One student, Rene, emerged as a leader in the class, heading up a group who met with owners of the property containing the problematic gulch. The owners were impressed with the students’ initiative, maturity and interest in helping the environment. 

Over the next three days, students cleared more than 15 bags full of trash from the gulch. One group of students created passive in-ground filters to help clean the water that ran down the slope. They researched which plants would be the best fit for that space and planted marigolds, lavender, and rosemary. Another group designed a filtration box inspired by the model they had seen from Denver Water containing gravel, soil and plants. Water runoff passes through the grate on the sides of the box, which also collects trash, and is “filtered” before it reaches the other side. I couldn’t believe the kids that barely said two words on my first day were now chatting with me about their new conservation career goals. 

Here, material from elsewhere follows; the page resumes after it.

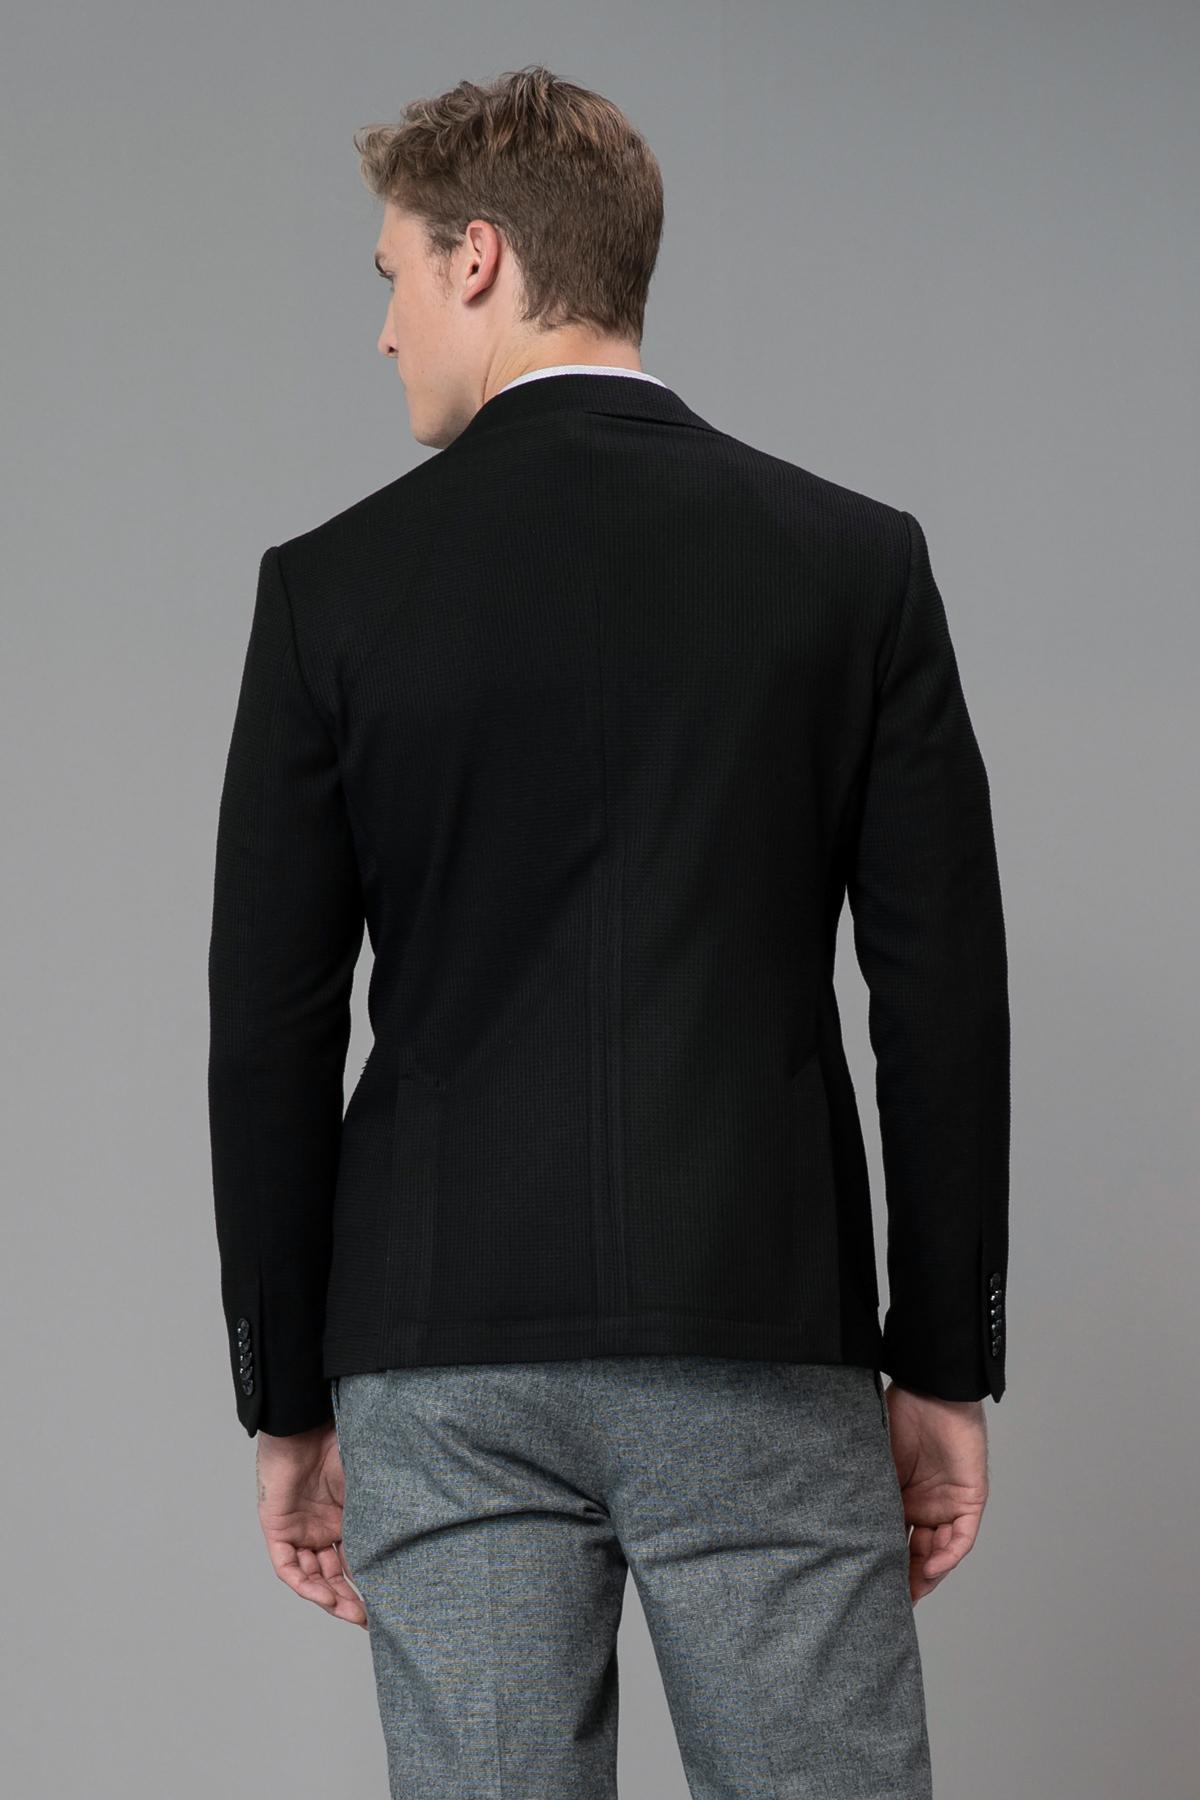 Nox Spor Blazer Ceket Slim Fit Siyah

On Friday, as I packed up the Zoo to You van one last time, the sky opened, and we had a typical summer afternoon downpour. I drove down to the gulch and watched as the filtration systems went to work. I also took a moment to observe the students who were up the hill, standing on the stairs in the rain. They didn’t seem to mind the summer storm, they were much more focused on monitoring newly planted rosemary garden, making sure it was ok in the rain.